By Joel Keller | Indiewire August 27, 2014 at 11:07AM
For just about as long as the Emmys have been around, the Television Academy has had a history of giving statuettes out to movie stars. They just love, love, love giving Emmys out to any A-listers or even B-listers who deigned to grace the small screen -- and their humble little awards ceremony -- with their presence. It was pretty much a given that if Al Pacino or Matt Damon or Julia Roberts appeared on TV in some capacity in a given year -- usually in a prestige TV movie on HBO -- they were a lead-pipe cinch for an Emmy.
The reason was simple: the TV folks had an inferiority complex. No matter how good shows on TV got, there seemed to still be a separation between movie stars and TV stars, with the big screen stars being seen as bigger and better than their small screen counterparts, even if the perception was different than the reality. And even during this most recent "golden age" of television, the presence of a current movie star in the nominations list got the Academy members all aflutter. After all, last year's best lead actor in a drama was Jeff Daniels, who put in a good performance in "The Newsroom," but not one that was better than the others who were nominated.
However, Monday night's Emmy ceremony showed that the inferiority complex is finally and mercifully coming to an end. Yes, two former Oscar winners, Kathy Bates and Jessica Lange, won for their turns in "American Horror Story: Coven." But both of their days on the big screen are long in the past. This year, there were plenty of current A-listers on the nomination list, in major categories, and none of them came away with the statuette.

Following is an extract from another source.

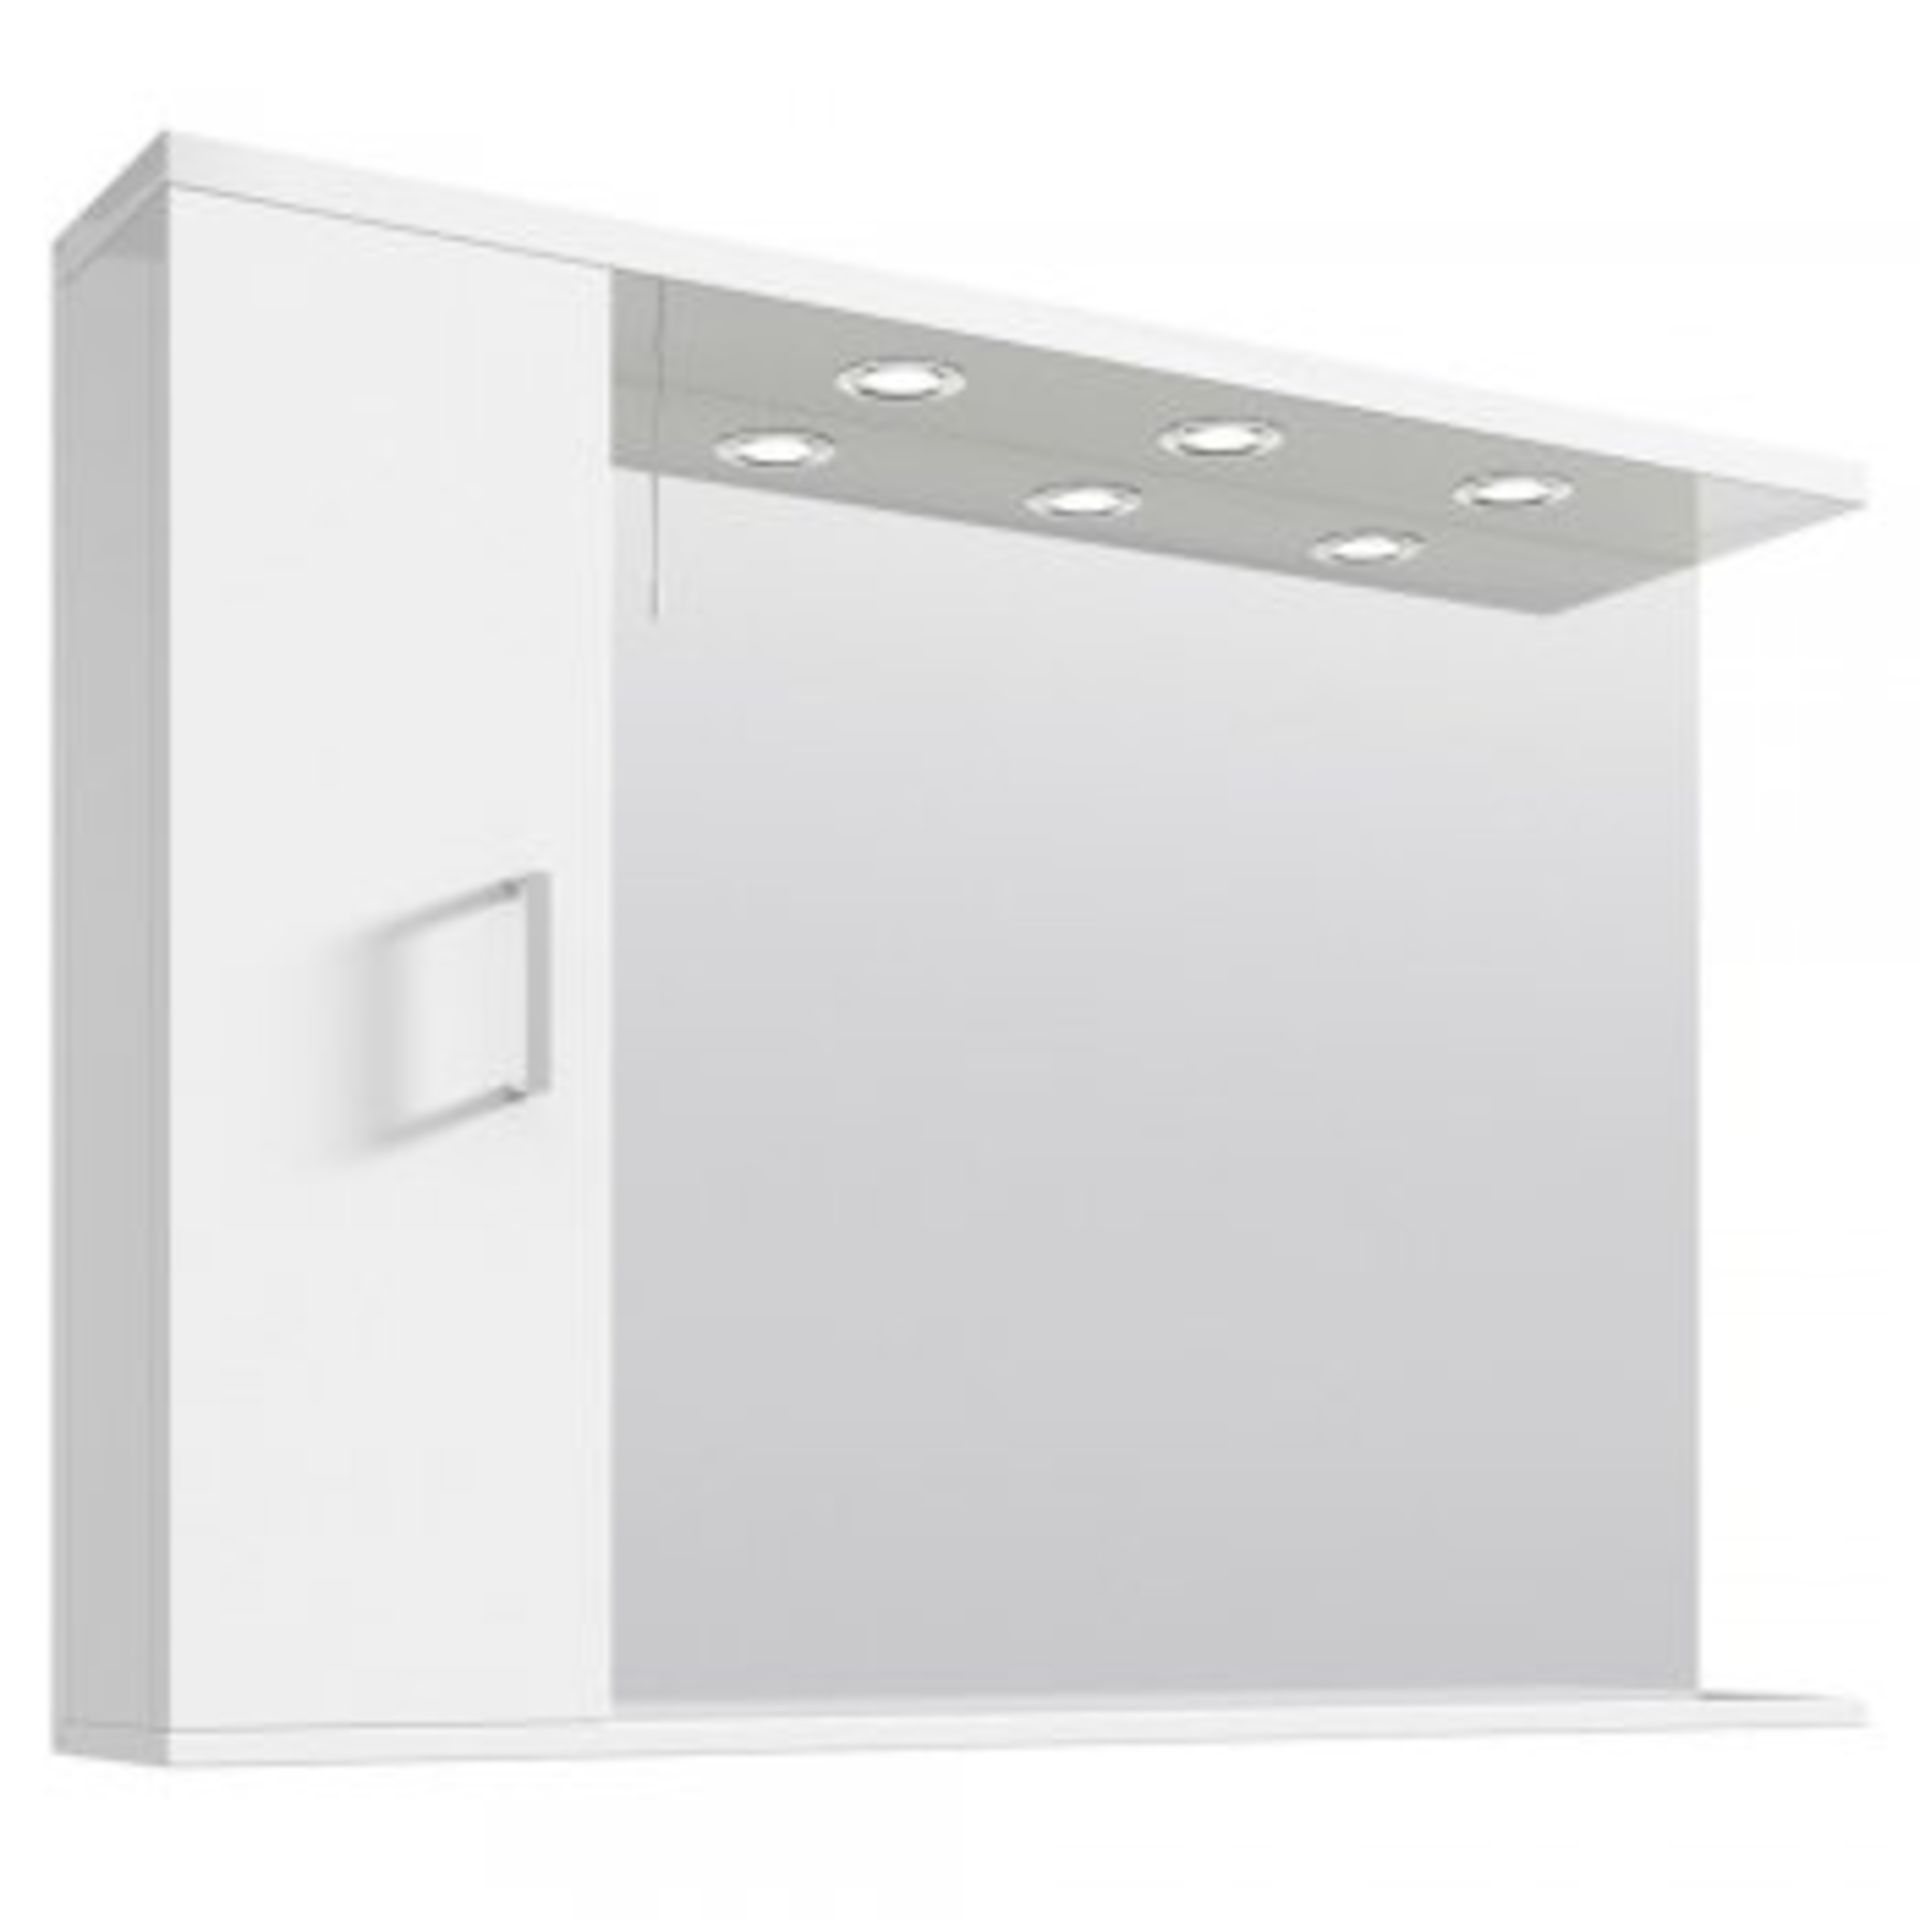 (G190) 850mm Premier Mayford Wall Hung Mirror. RRP £249.99. Add light to your room with this - Image 2 of 3

The three that come to mind immediately are Matthew McConaughey of "True Detective," Billy Bob Thornton of "Fargo" and Julia Roberts of "The Normal Heart." The first two on that list were considered to be shoo-ins in their respective lead actor categories of drama and miniseries/movie. McConaughey was such a slam dunk that Jimmy Kimmel hilariously hijacked the show before he presented his award to chide McConaughey about crashing the television party and taking all the big awards for himself. "All right, all right, alright already," Kimmel said, riffing on McConaughey's signature line.
Another sign that McConaughey was a shoo-in: When Roberts read the nominees for lead actor in a drama, she damn near cheered when she read the names of McConaughey and his "True Detective" co-star Woody Harrelson, while reading the other four names as if she was reading from an insurance policy. Roberts herself had already been beaten out by Bates and saw Thornton lose to Benedict Cumberbatch of "Sherlock," so she may have been pulling for her movie buddies a little harder. But there was definitely some palpable disappointment and surprise in her voice when she read the name of Bryan Cranston.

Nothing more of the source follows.